- ACTIVITY
Your task is to transcribe all of the data below exactly, omitting the images.

- DATA SEGMENT
=== Begin Enclosure ===

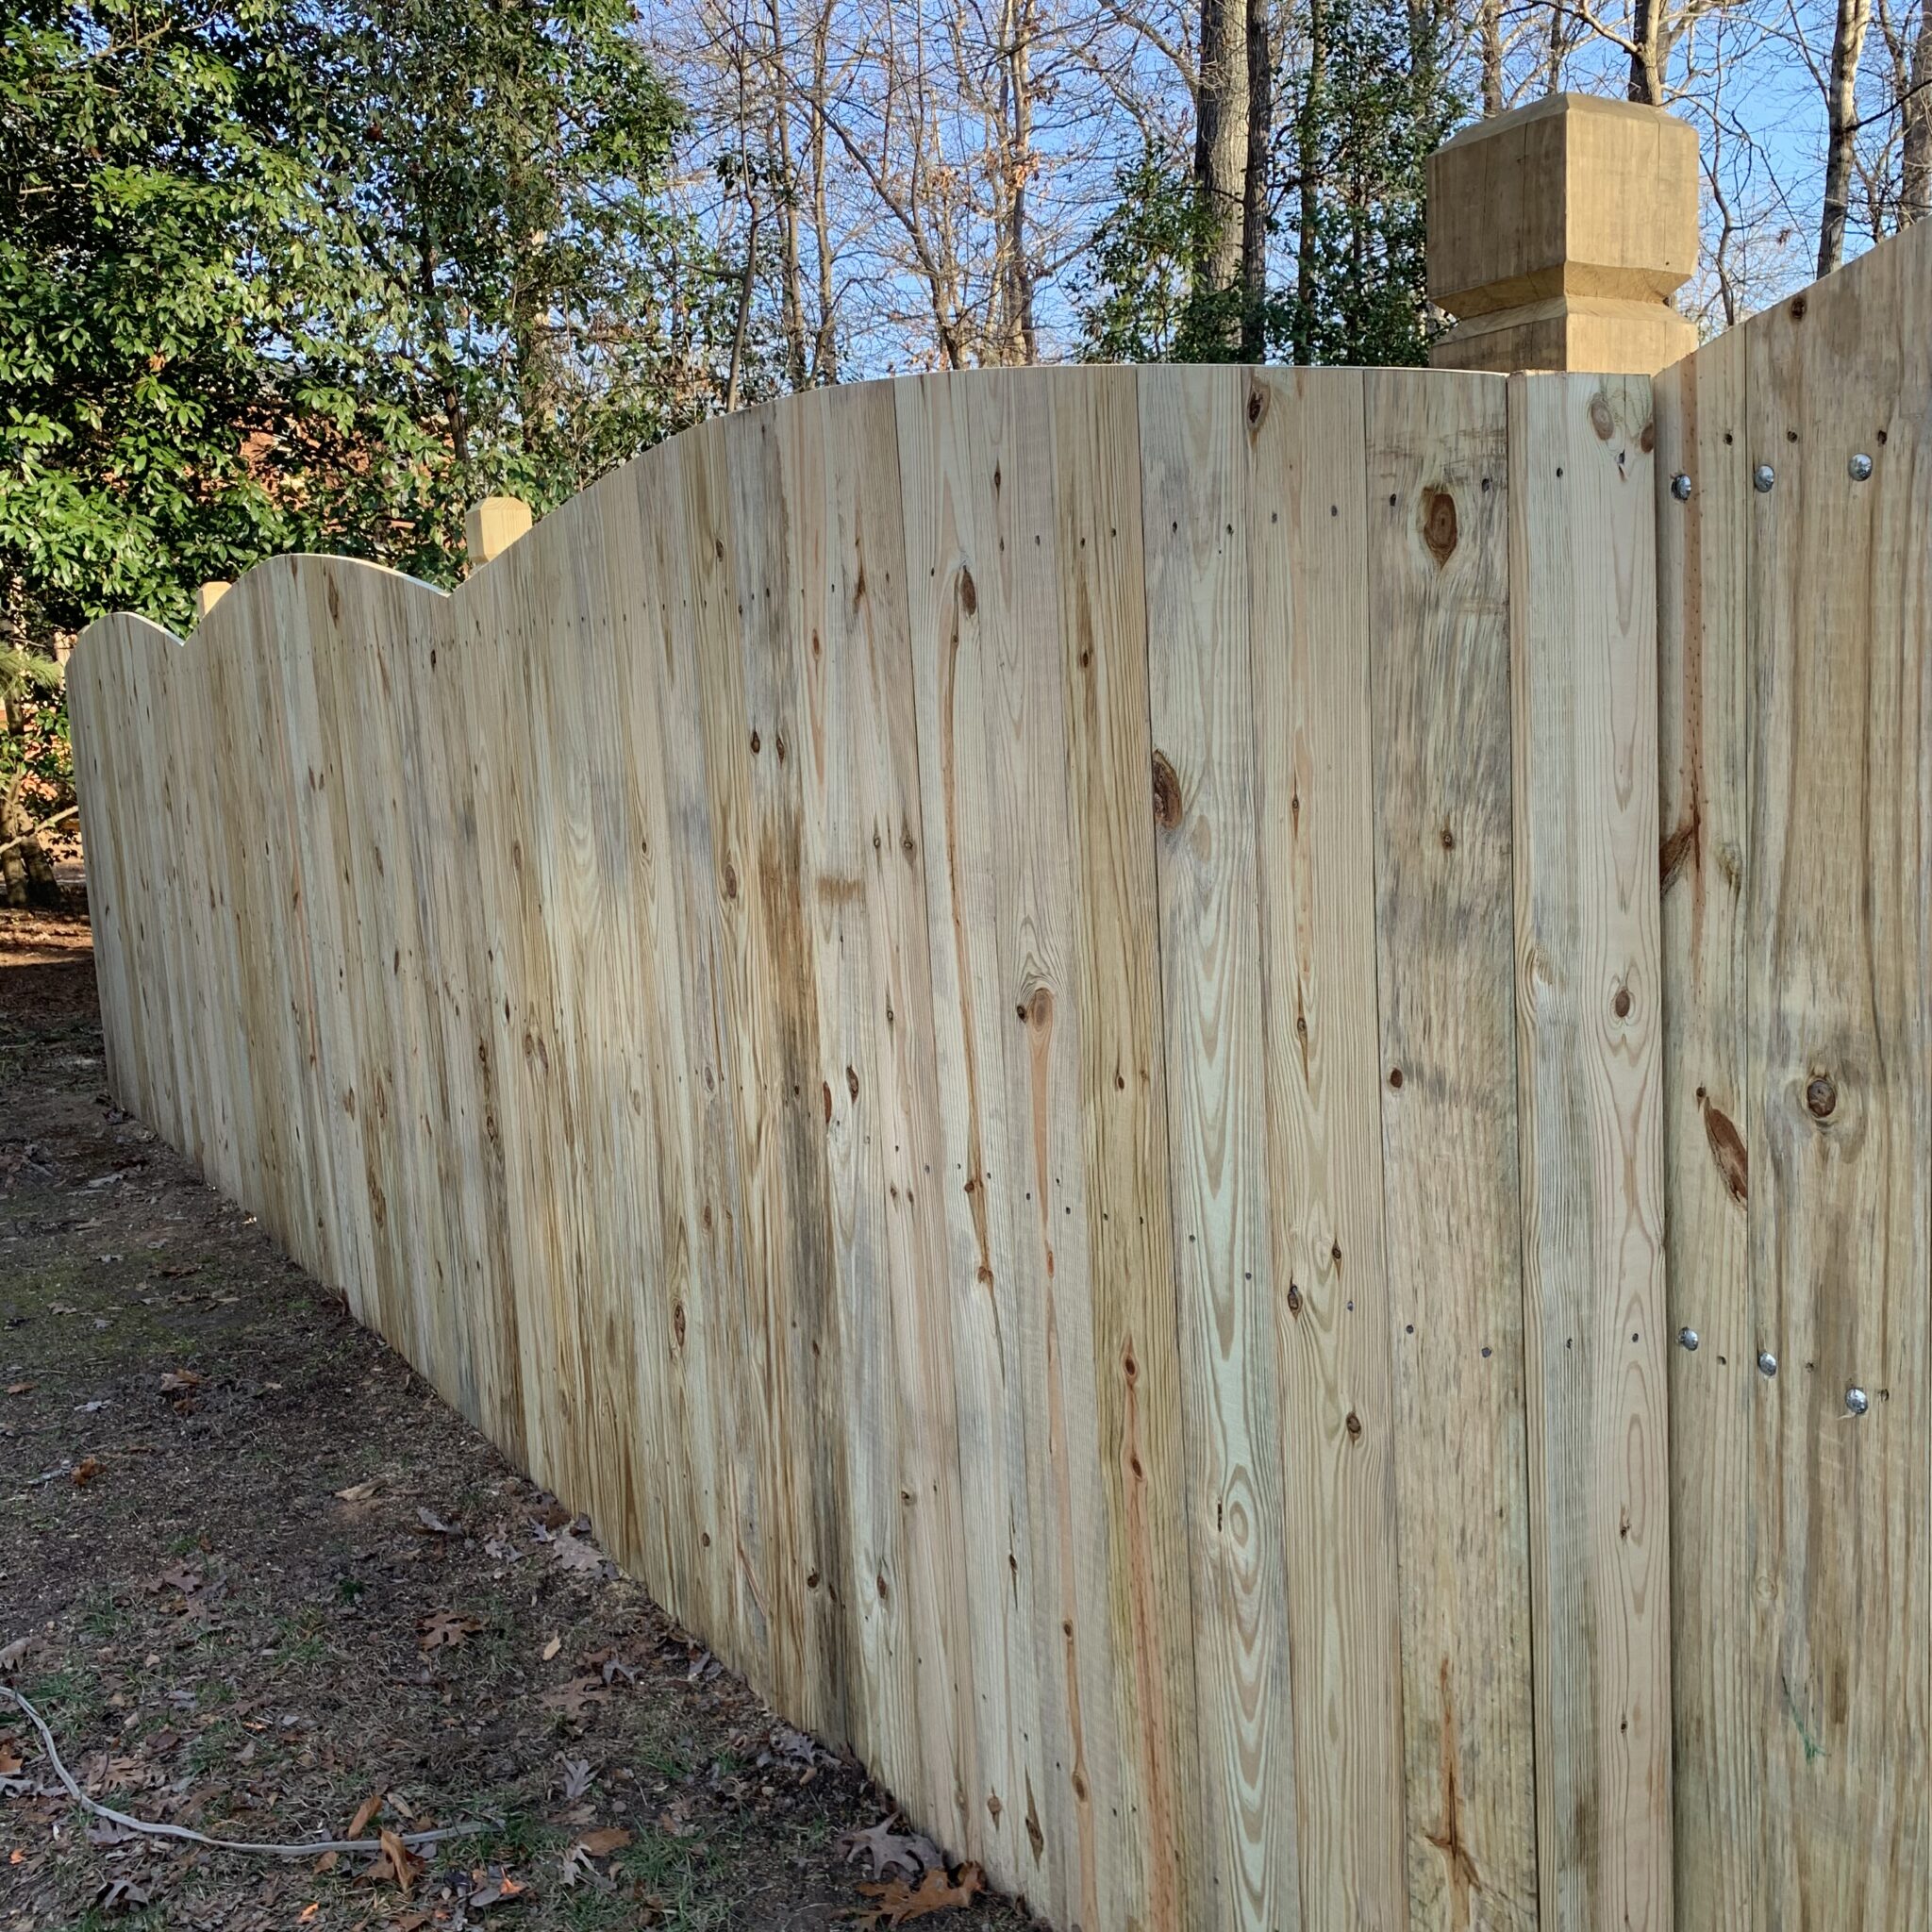 6 foot wood privacy fence with beveled and notched posts.
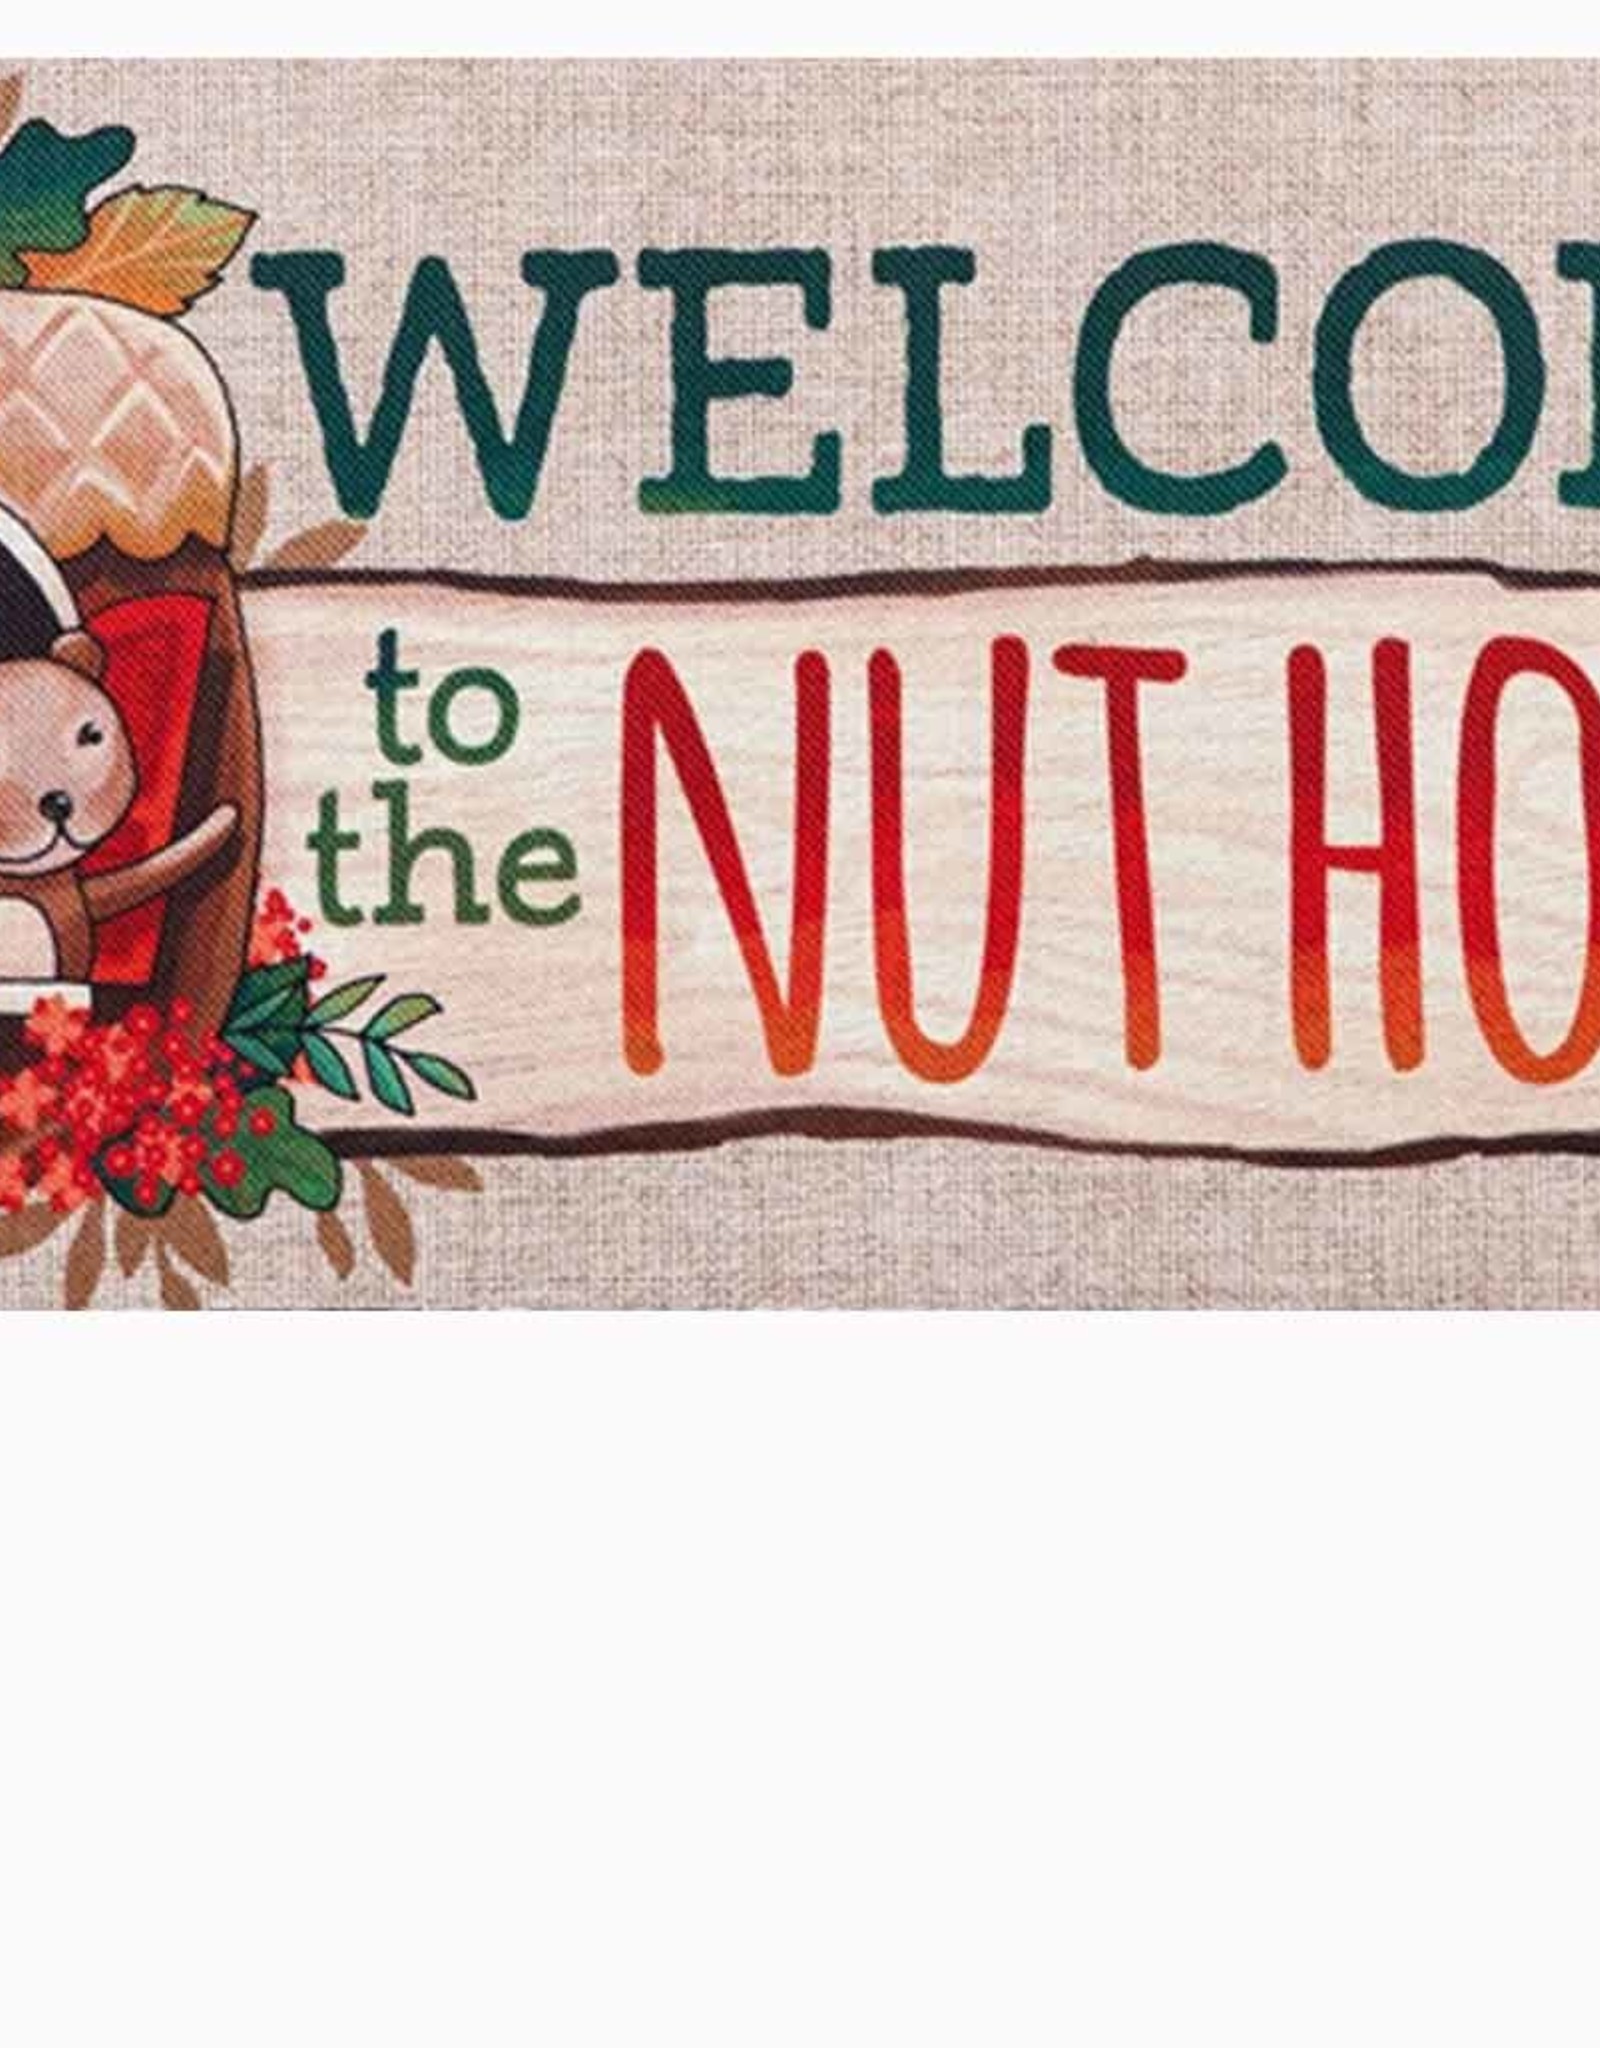 Welcome to the Nut House Sassafras Switch Mat
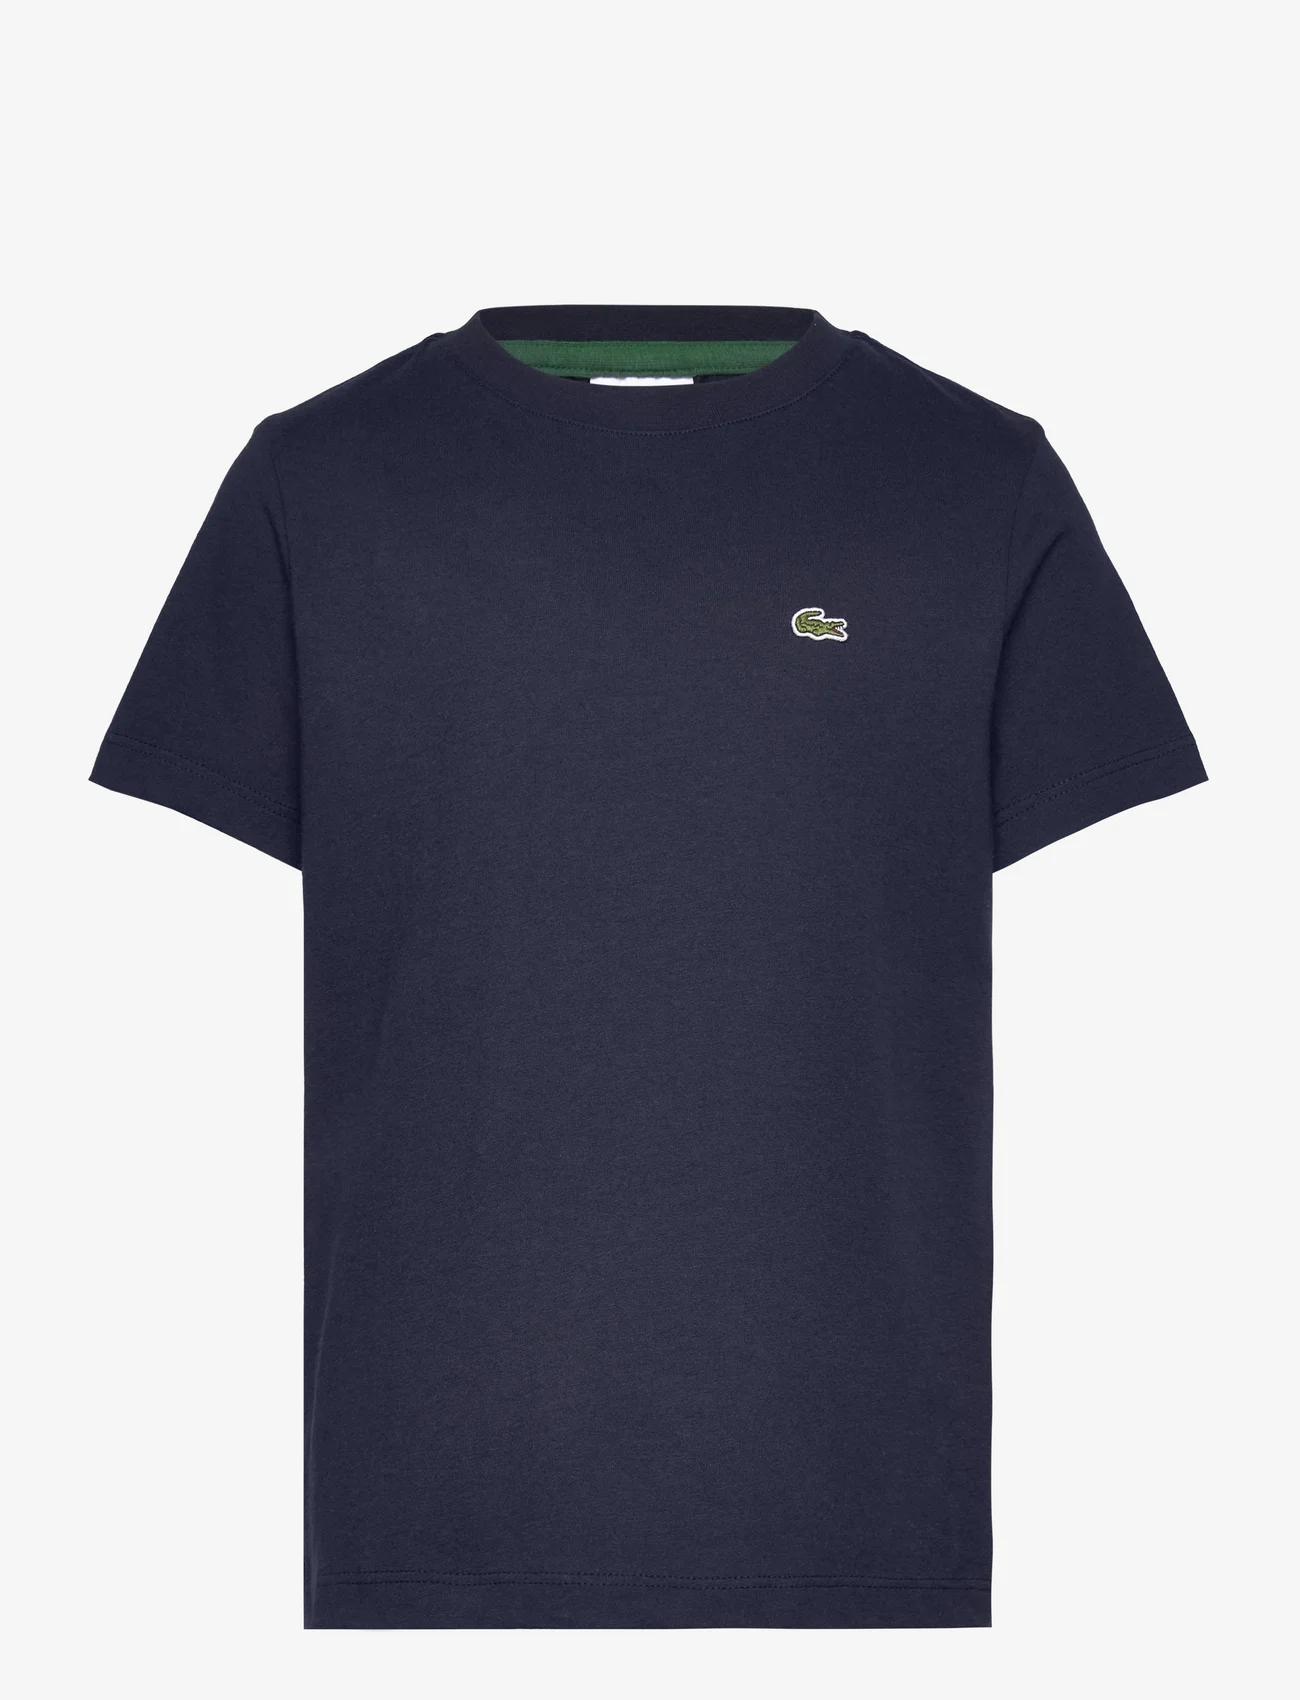 Lacoste - TEE-SHIRT&TURTLE - short-sleeved t-shirts - navy blue - 0

=== End Enclosure ===

- REPLY
 6 foot wood privacy fence with beveled and notched posts.
 Welcome to the Nut House Sassafras Switch Mat
 Lacoste - TEE-SHIRT&TURTLE - short-sleeved t-shirts - navy blue - 0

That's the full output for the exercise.